#### Work required
From the line with "Dolphy Multifold Mini" to the final line of the data below, please write out every line exactly, with no pictures.

#### The data
• • • • • • •

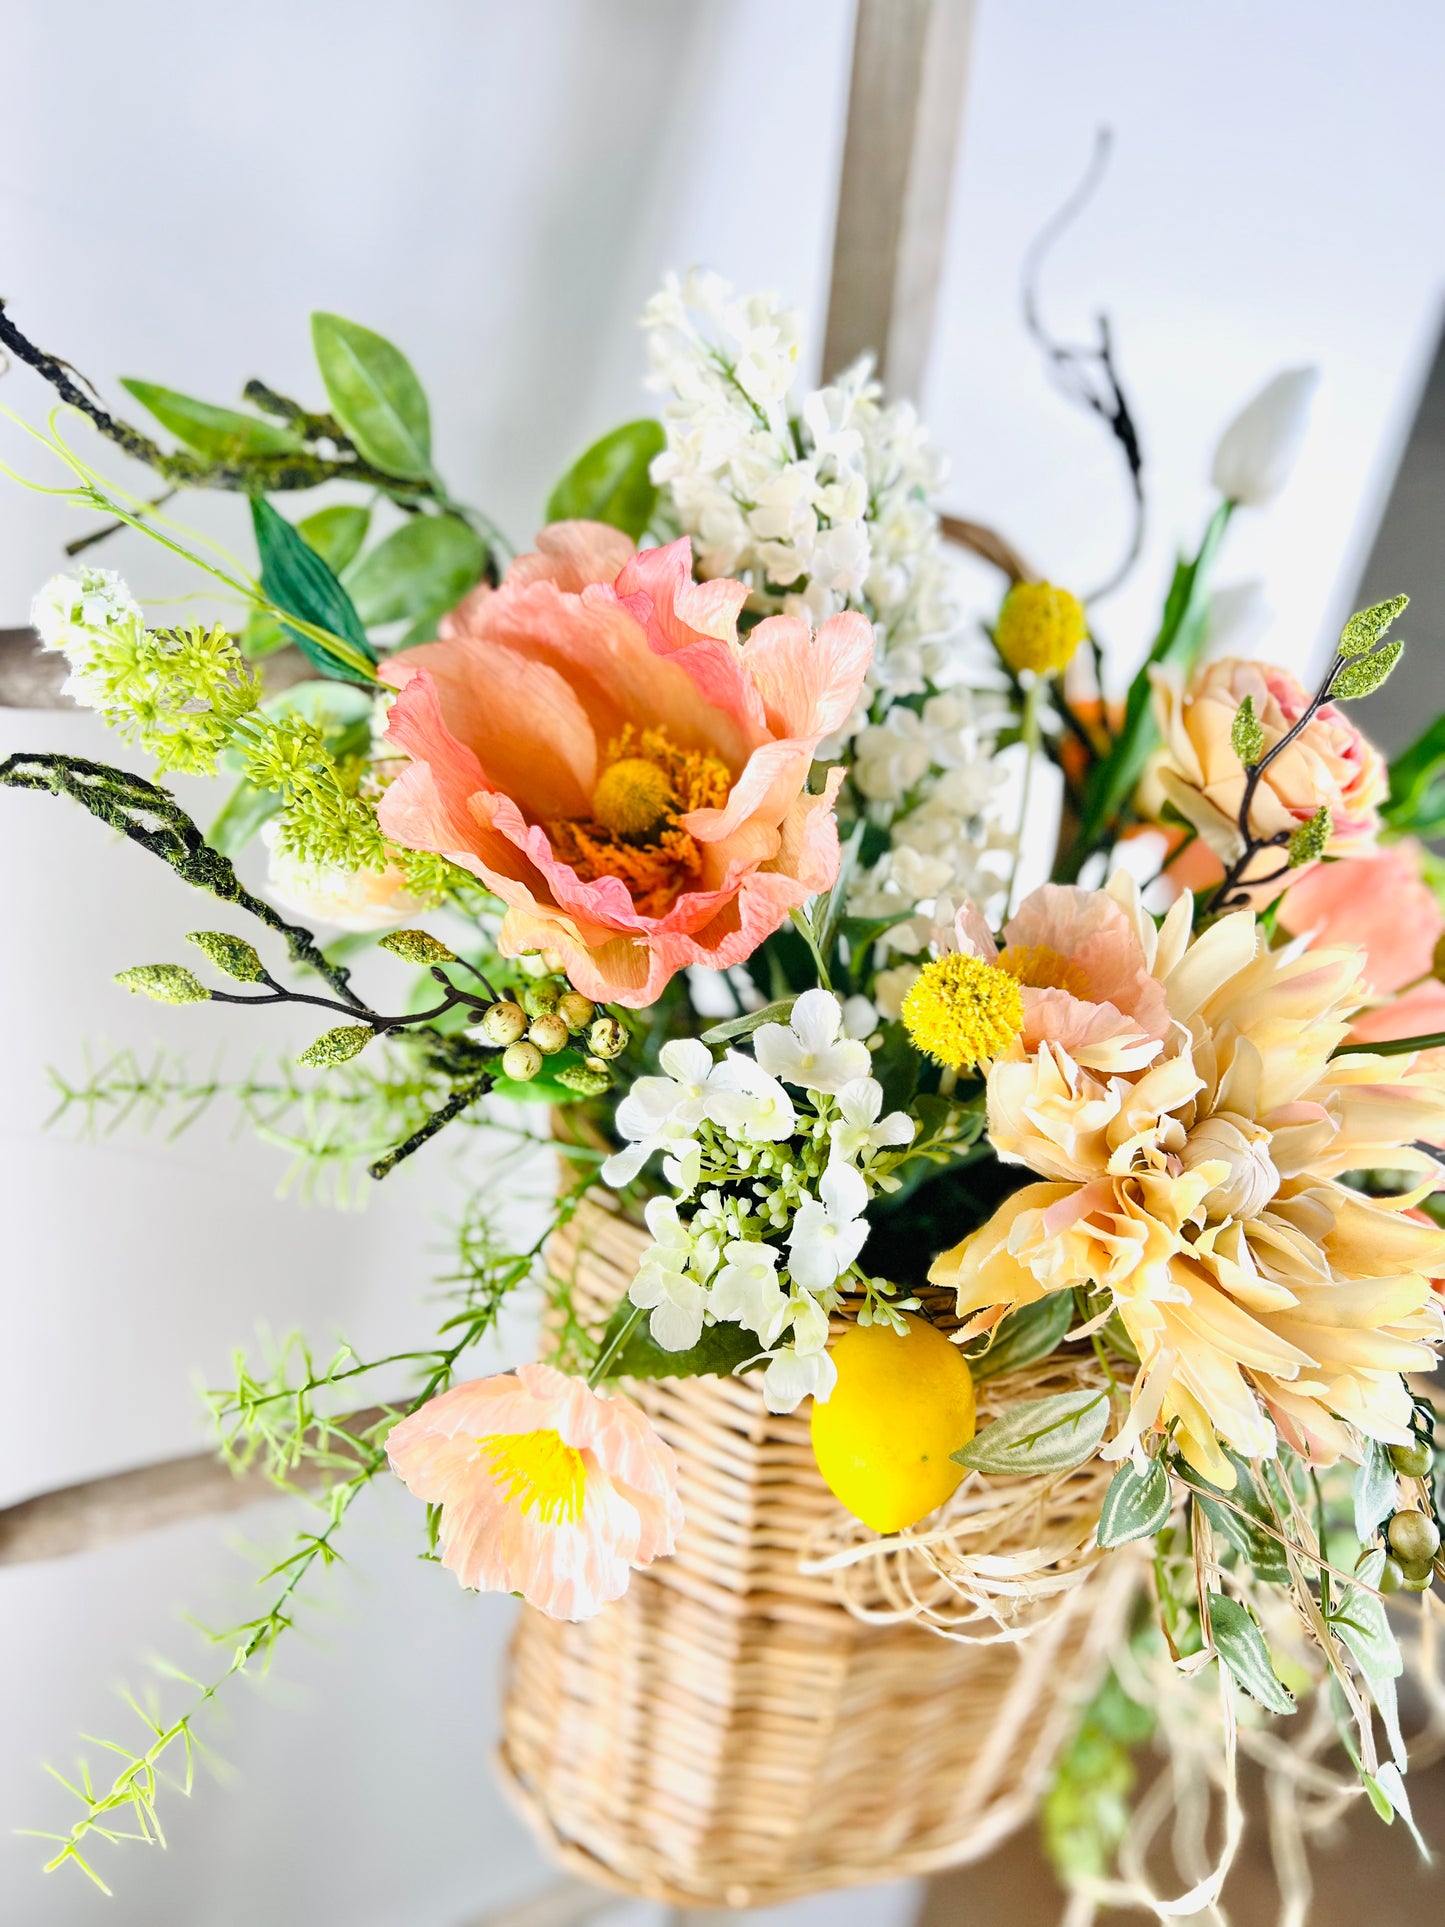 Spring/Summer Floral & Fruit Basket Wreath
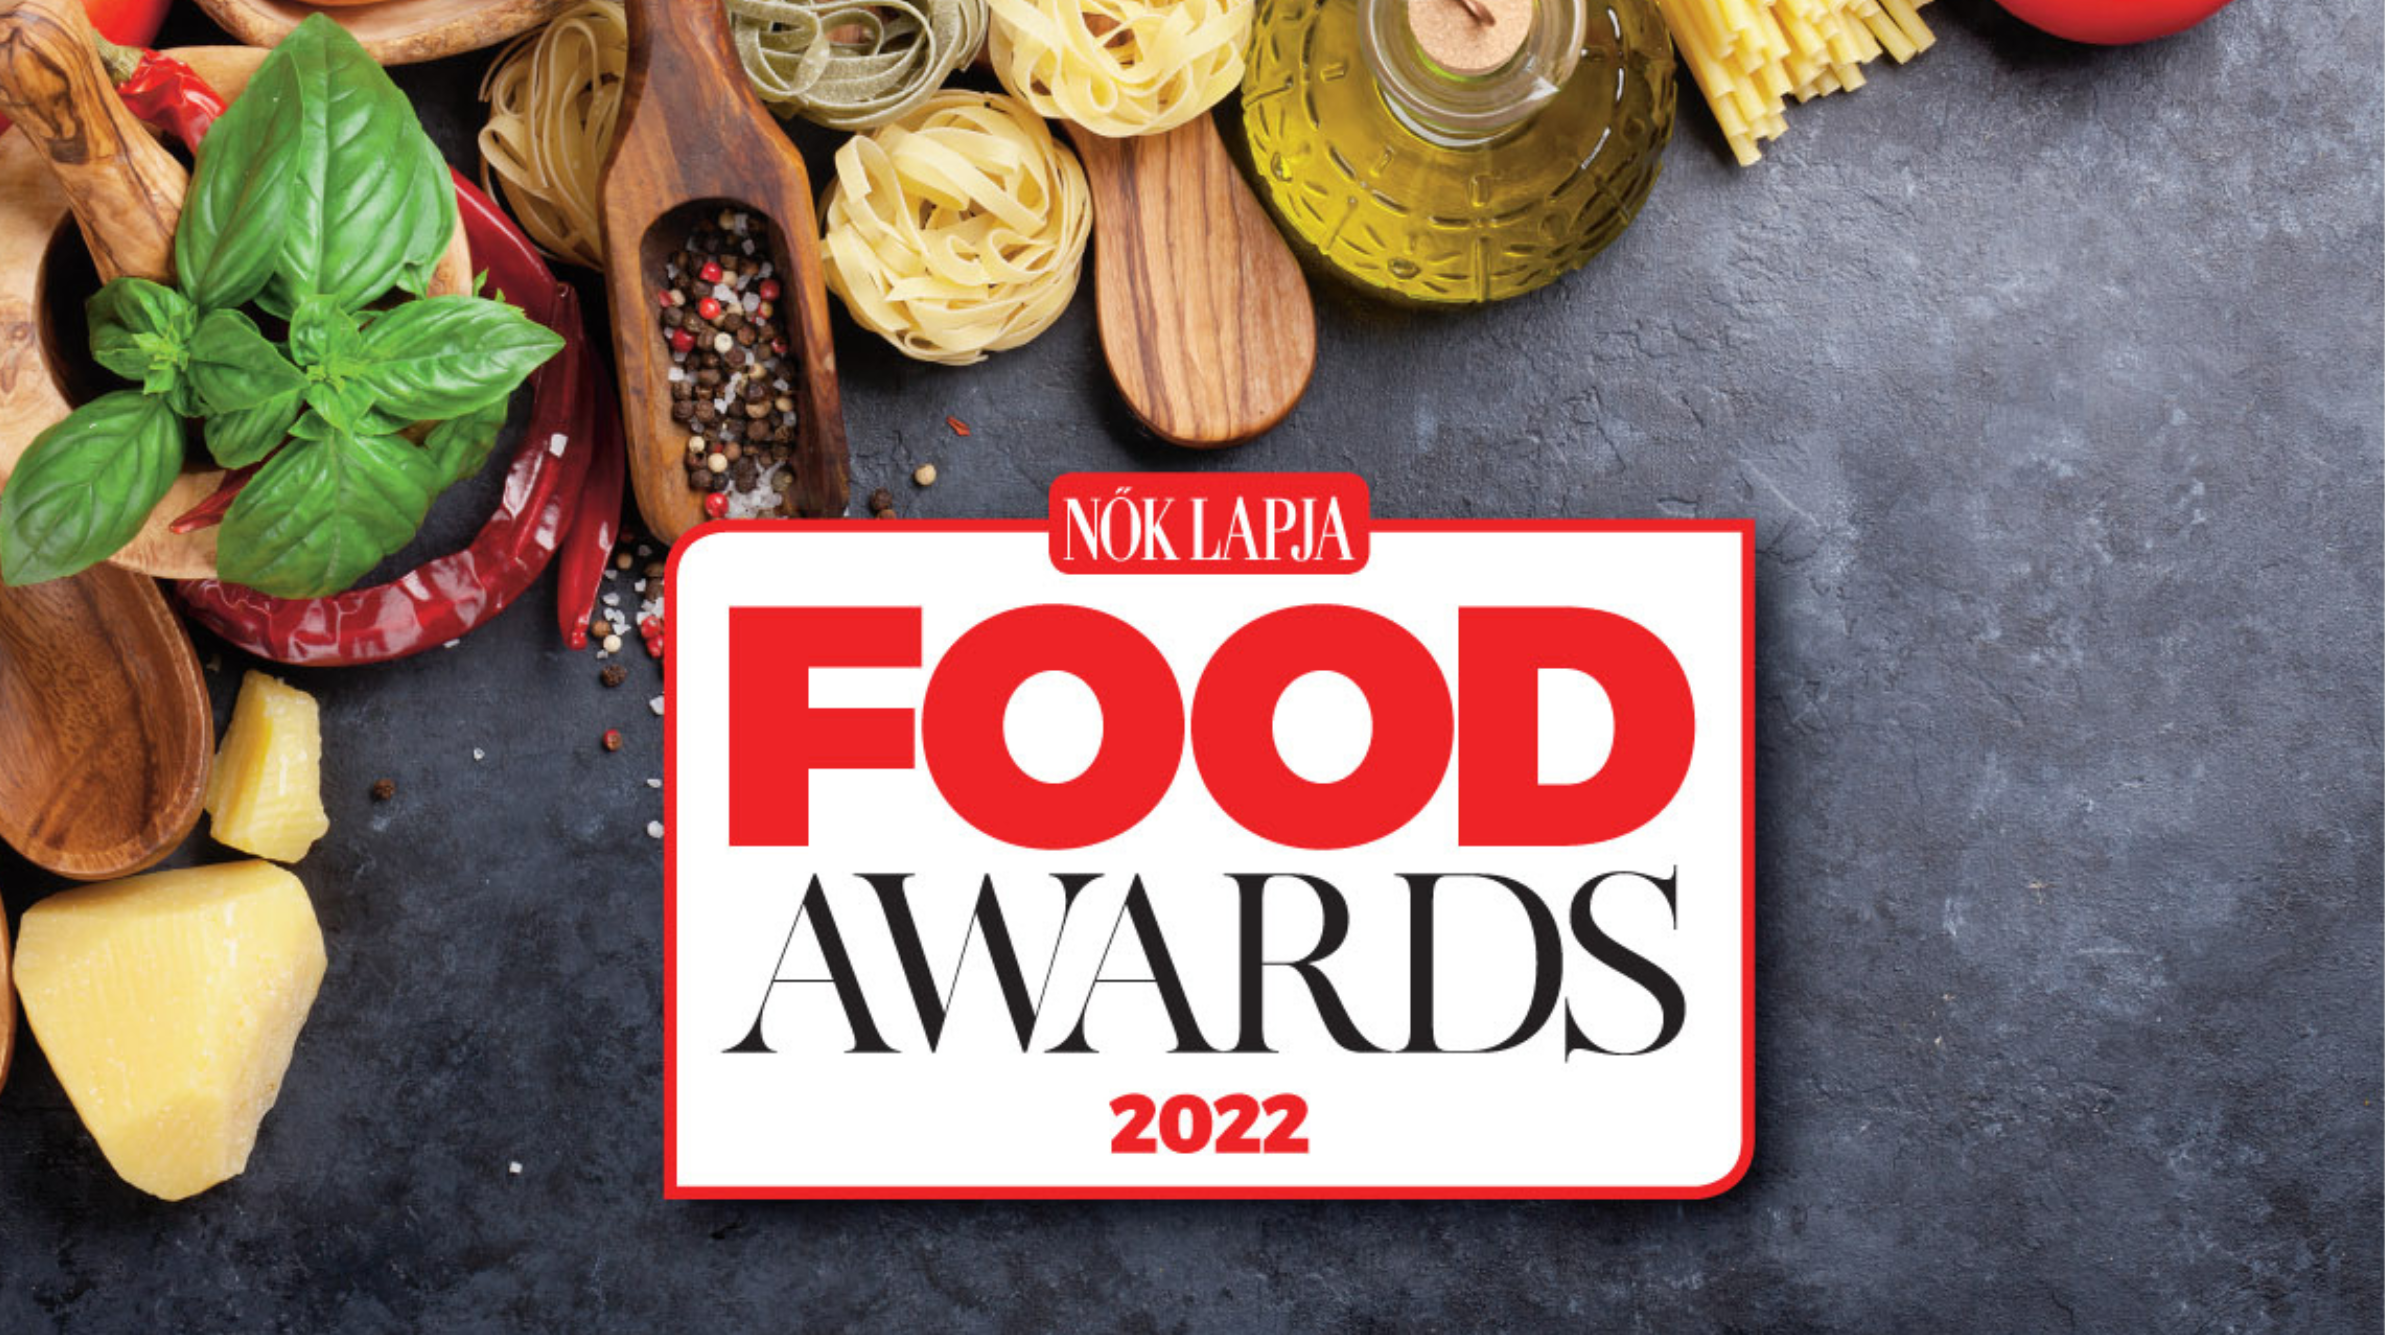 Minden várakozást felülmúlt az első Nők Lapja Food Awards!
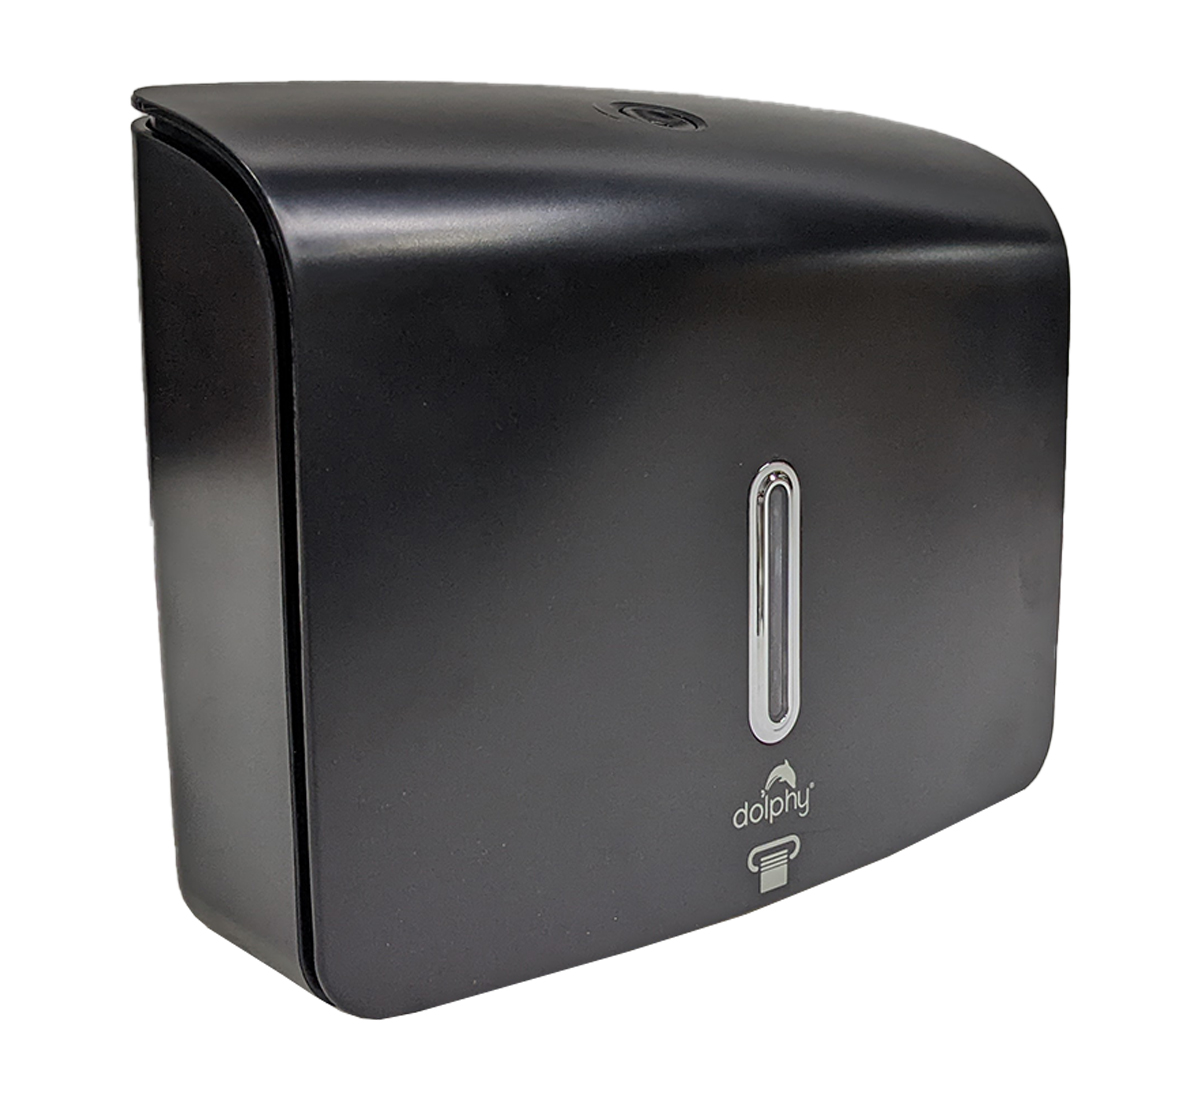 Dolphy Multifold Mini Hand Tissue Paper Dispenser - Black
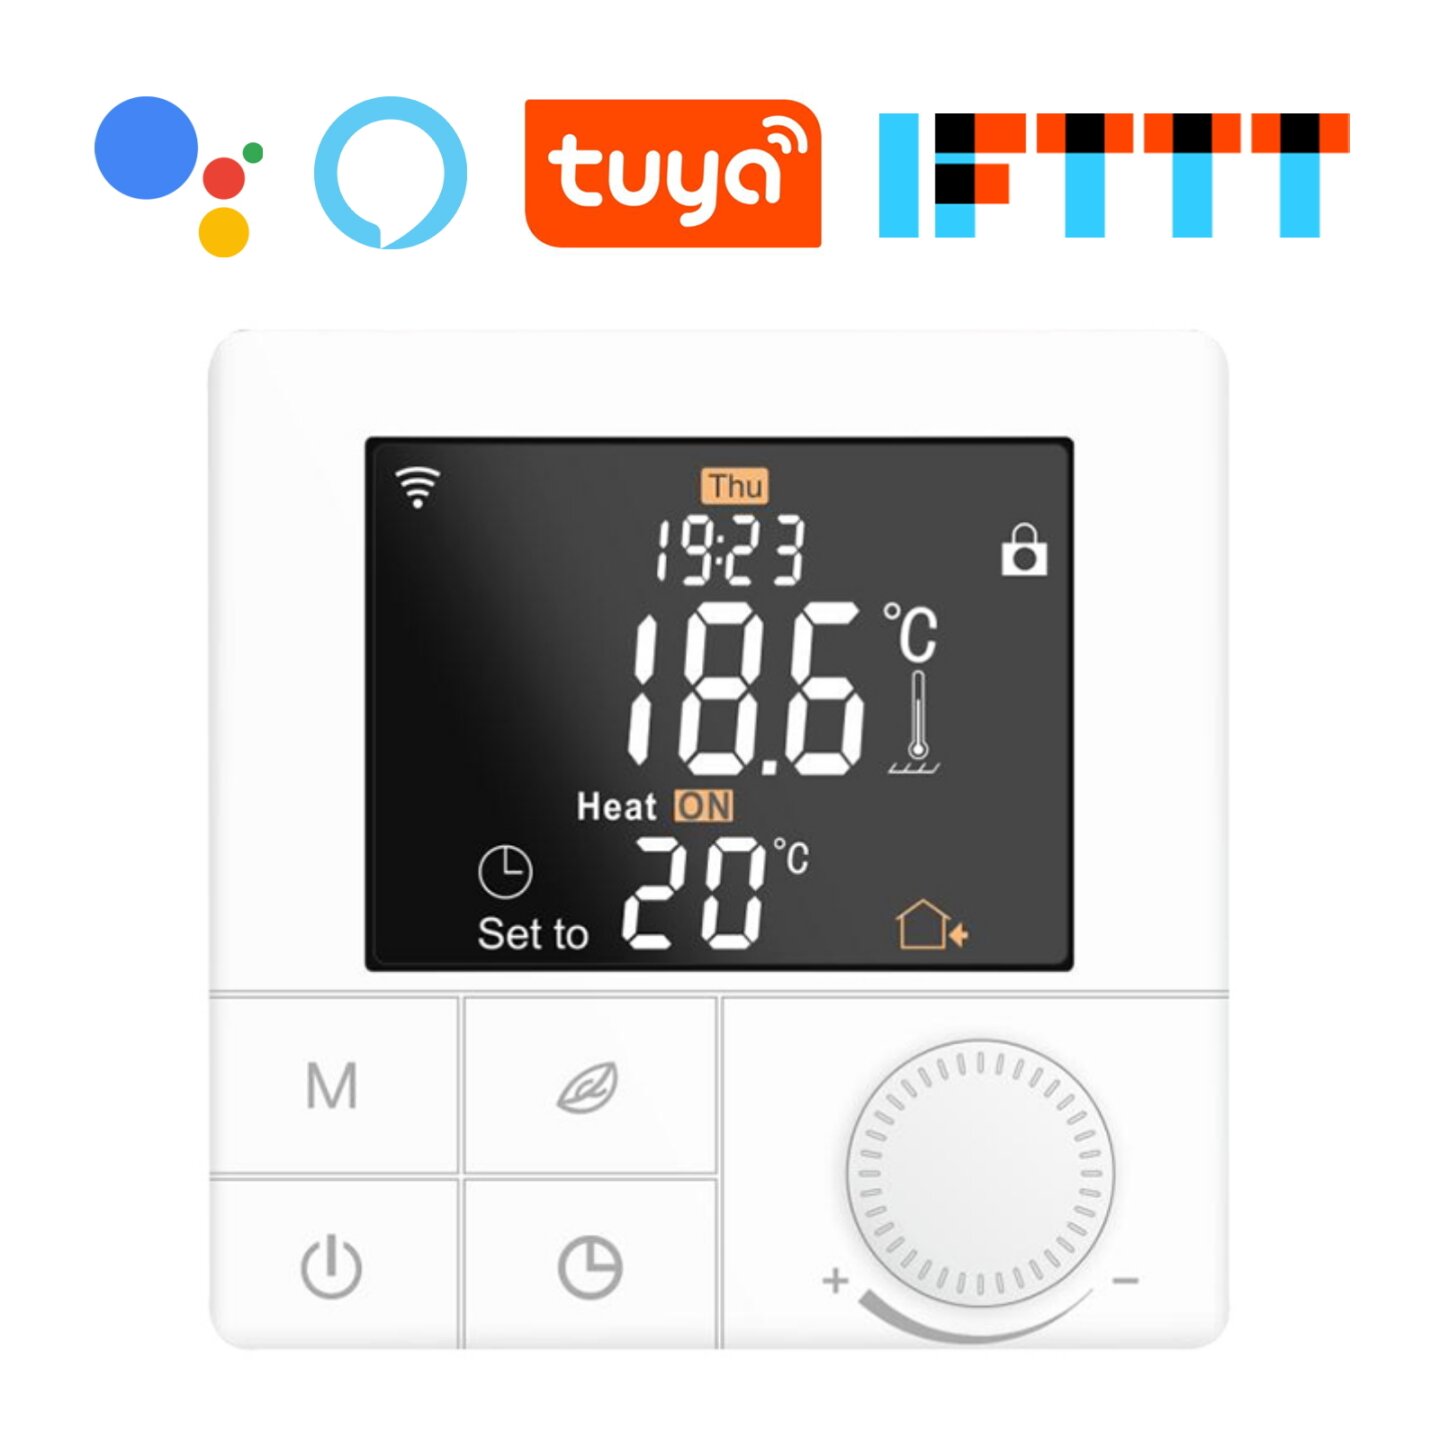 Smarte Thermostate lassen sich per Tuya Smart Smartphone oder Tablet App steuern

• • • • • • •

#### Answer box
 Dolphy Multifold Mini Hand Tissue Paper Dispenser - Black
 Smarte Thermostate lassen sich per Tuya Smart Smartphone oder Tablet App steuern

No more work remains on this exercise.